Gaeta miał wrażenie, że nogi zamieniły mu się w ciężkie kłody. Dotarł do zasobnika i oparł się o niego, prawie osuwając się na ziemię.

— To… zawsze… działa… — wysapał. — Tępy komputer… myśli, że jestem uczciwy.

Potężny cios w ramię wytrącił go z równowagi.

Gesu! — zawył Gaeta. — Ten przeklęty laser do mnie strzela!


Timoshenko uświadomił sobie, że przebywa w kosmosie już od godziny. Co ja tu robię, zastanowił się, co osiągnąłem?

— Myślałem — mruknął. — Myślałem. Dobrze jest czasem pomyśleć. Pomyśl, zanim coś zrobisz.

Jest tylko jedno życie, które masz prawo odebrać. Swoje własne.

Odrzucił pilota, którego trzymał odzianą w rękawicę dłonią. Przedmiot odleciał, wirując, w nieskończoność kosmosu. Nie jestem ludobójcą. Ale samobójstwo, to co innego. To sprawa, którą muszę rozstrzygnąć z samym sobą.

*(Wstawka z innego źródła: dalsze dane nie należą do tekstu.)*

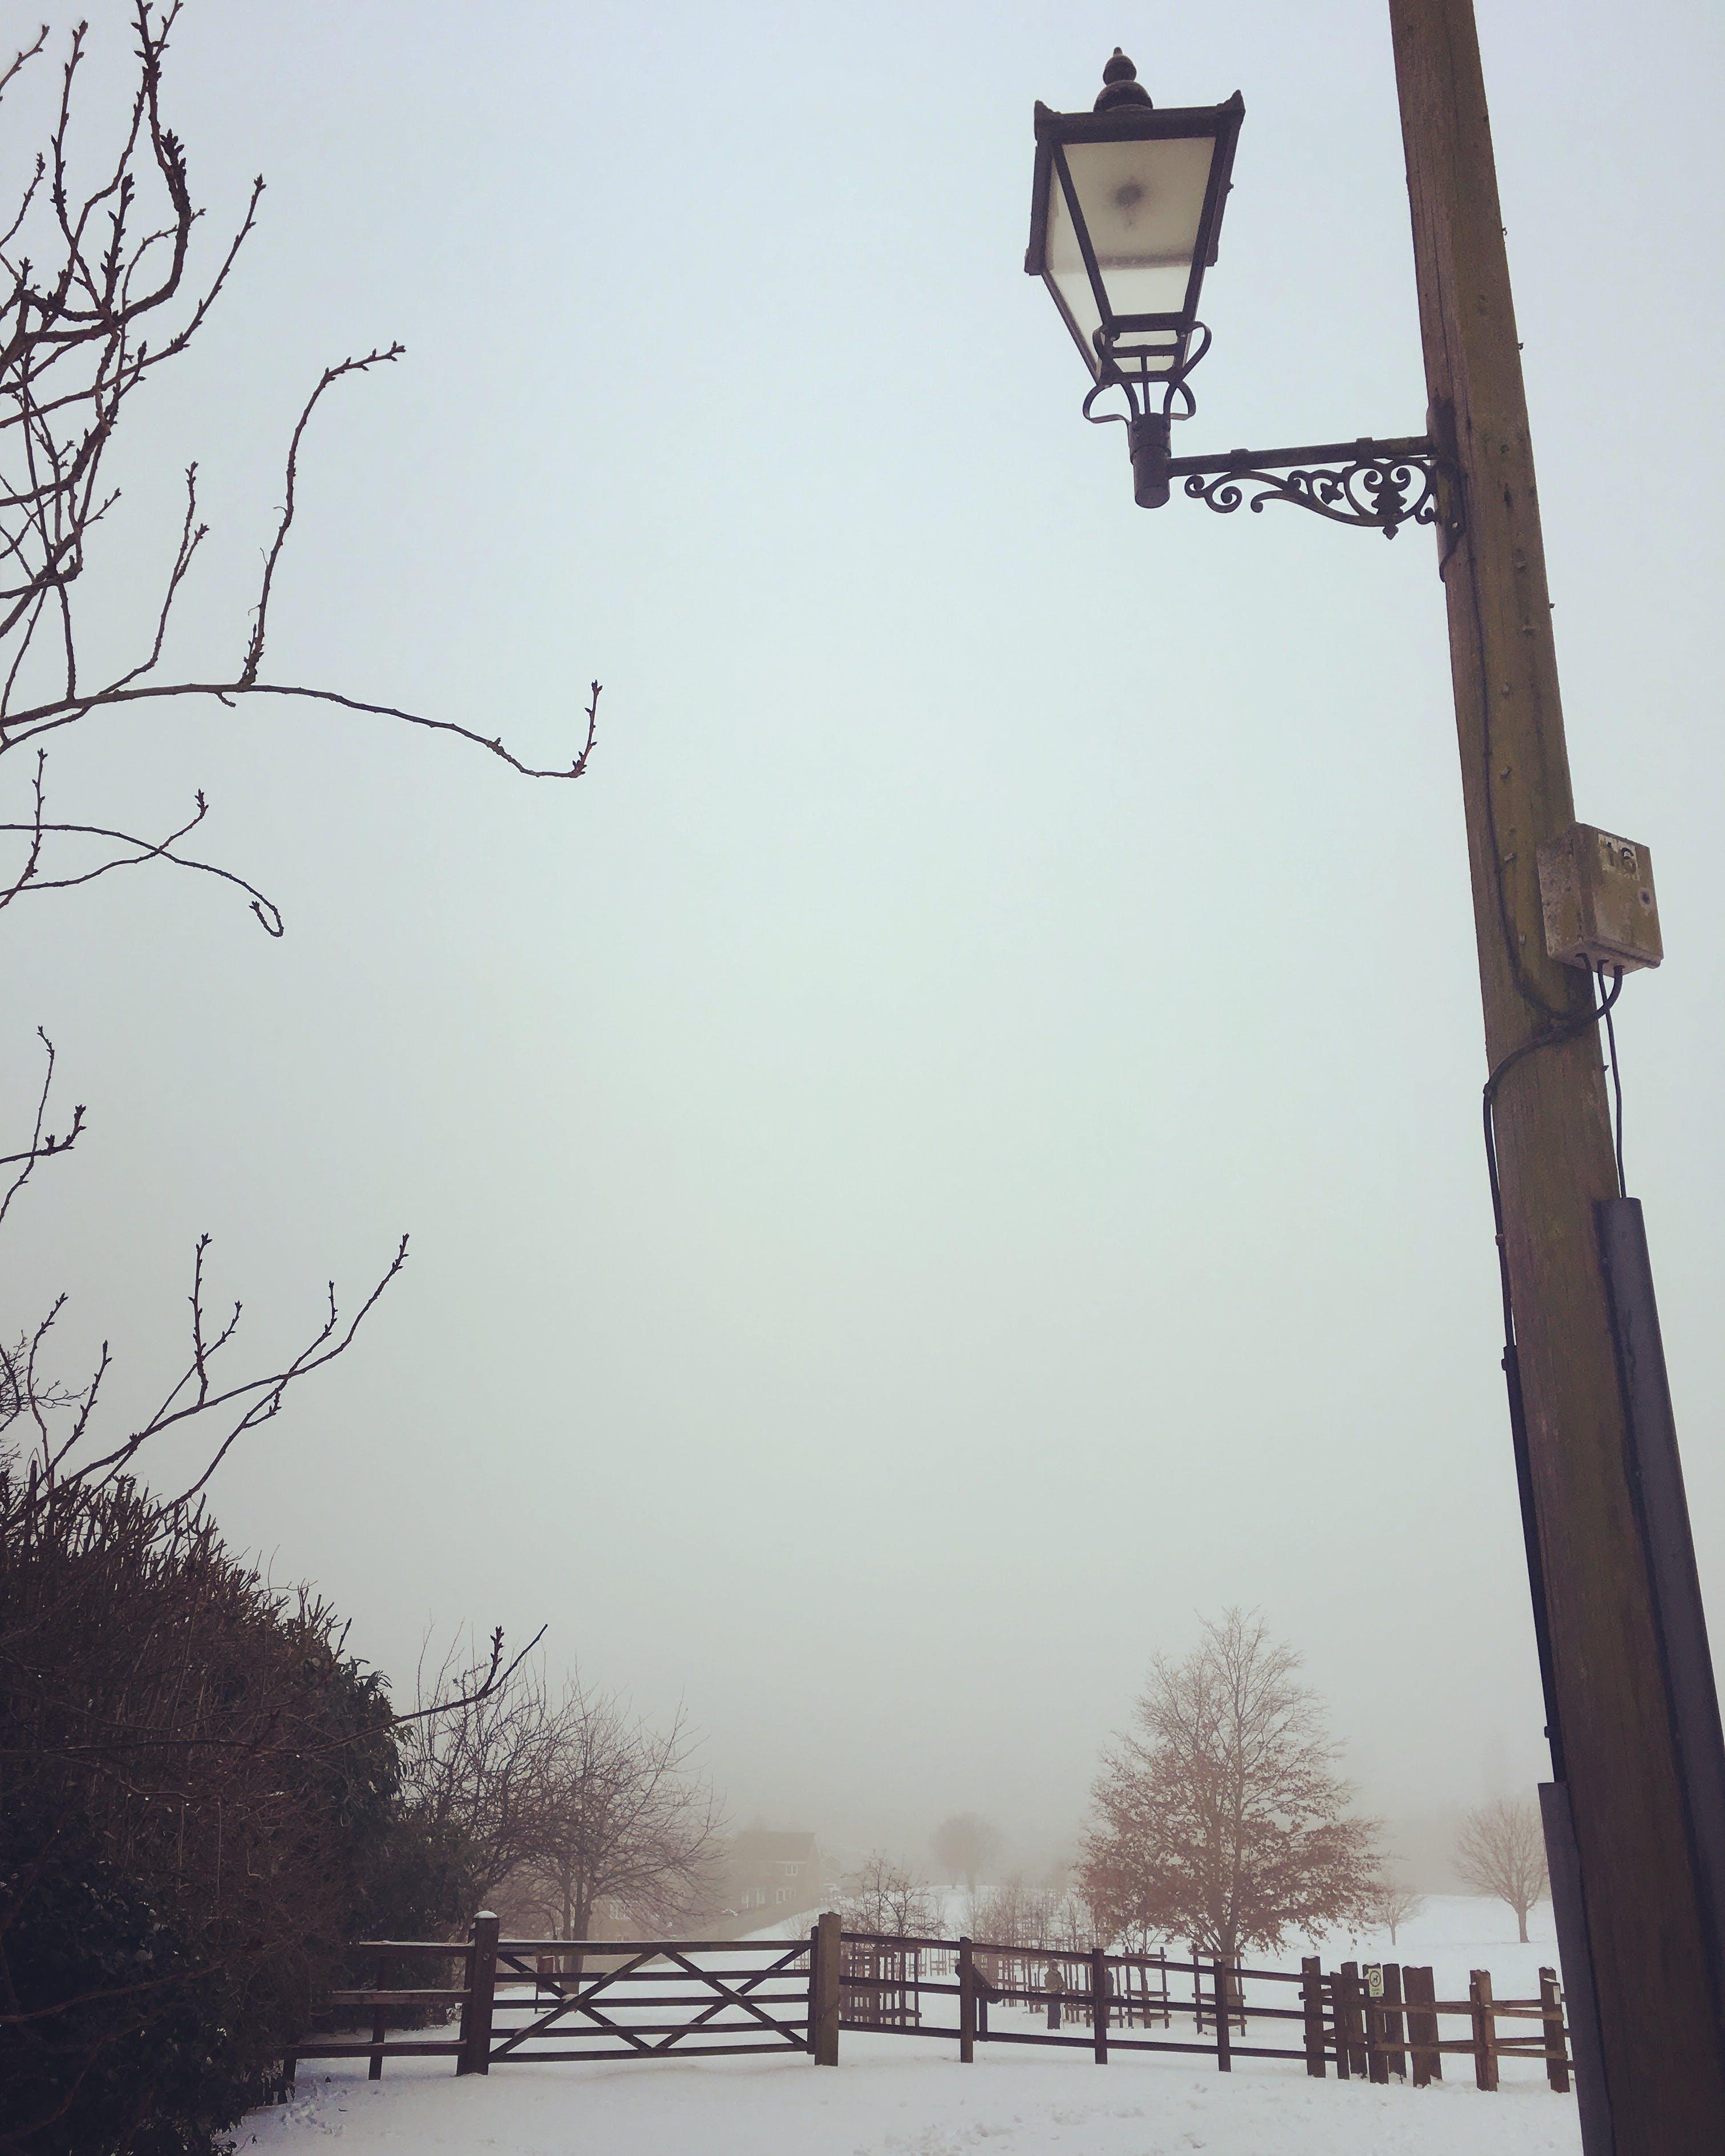 Free stock photo of lamppost, Narnia Lampost, snow, winter
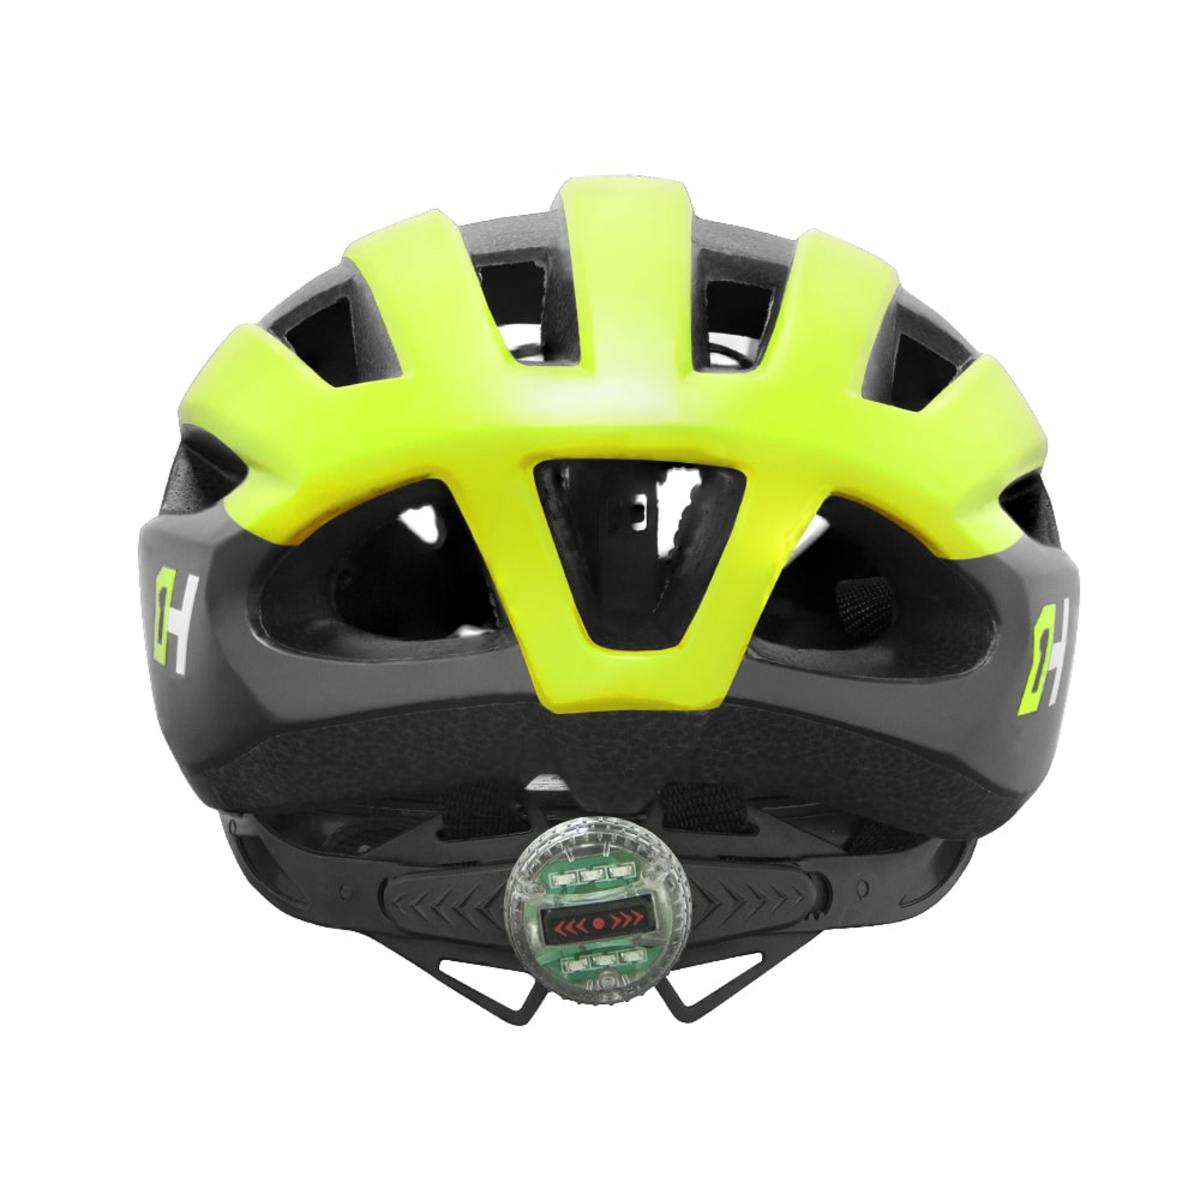 Capacete High One WIND AERO Mtb/Speed - Preto/Verde Neon

Dotknął dźwigni bezpieczeństwa, która uszczelniała hełm, mocując go do reszty skafandra. Wystarczy ją pociągnąć, wypuścić powietrze, w ciągu paru sekund dojdzie do dekompresji. Trochę bałaganu, ale będziesz martwy. Żadnych zmartwień, żadnych wyrzutów sumienia. Spokój.

Dotknął dźwigni. Koniec wszystkiego, pomyślał. Jesteś na to gotowy? Jesteś gotowy na śmierć?

Zaskoczyło go to, ale uznał, że nie jest. Mimo wszystko. Mimo utraty Katriny i życia na Ziemi, nie był gotów na śmierć. Przeklęty Eberly, zżymał się w duchu. On ma rację! Ten habitat to więzienie, ale dość przyjemne. Tu można dobrze przeżyć życie, jeśli tylko otworzysz swoje serce.

Życie lub śmierć.

Czy potrafię zbudować własne życie bez Katriny? Zadał sobie to pytanie i odpowiedział: przecież właśnie to robię od dwóch lat.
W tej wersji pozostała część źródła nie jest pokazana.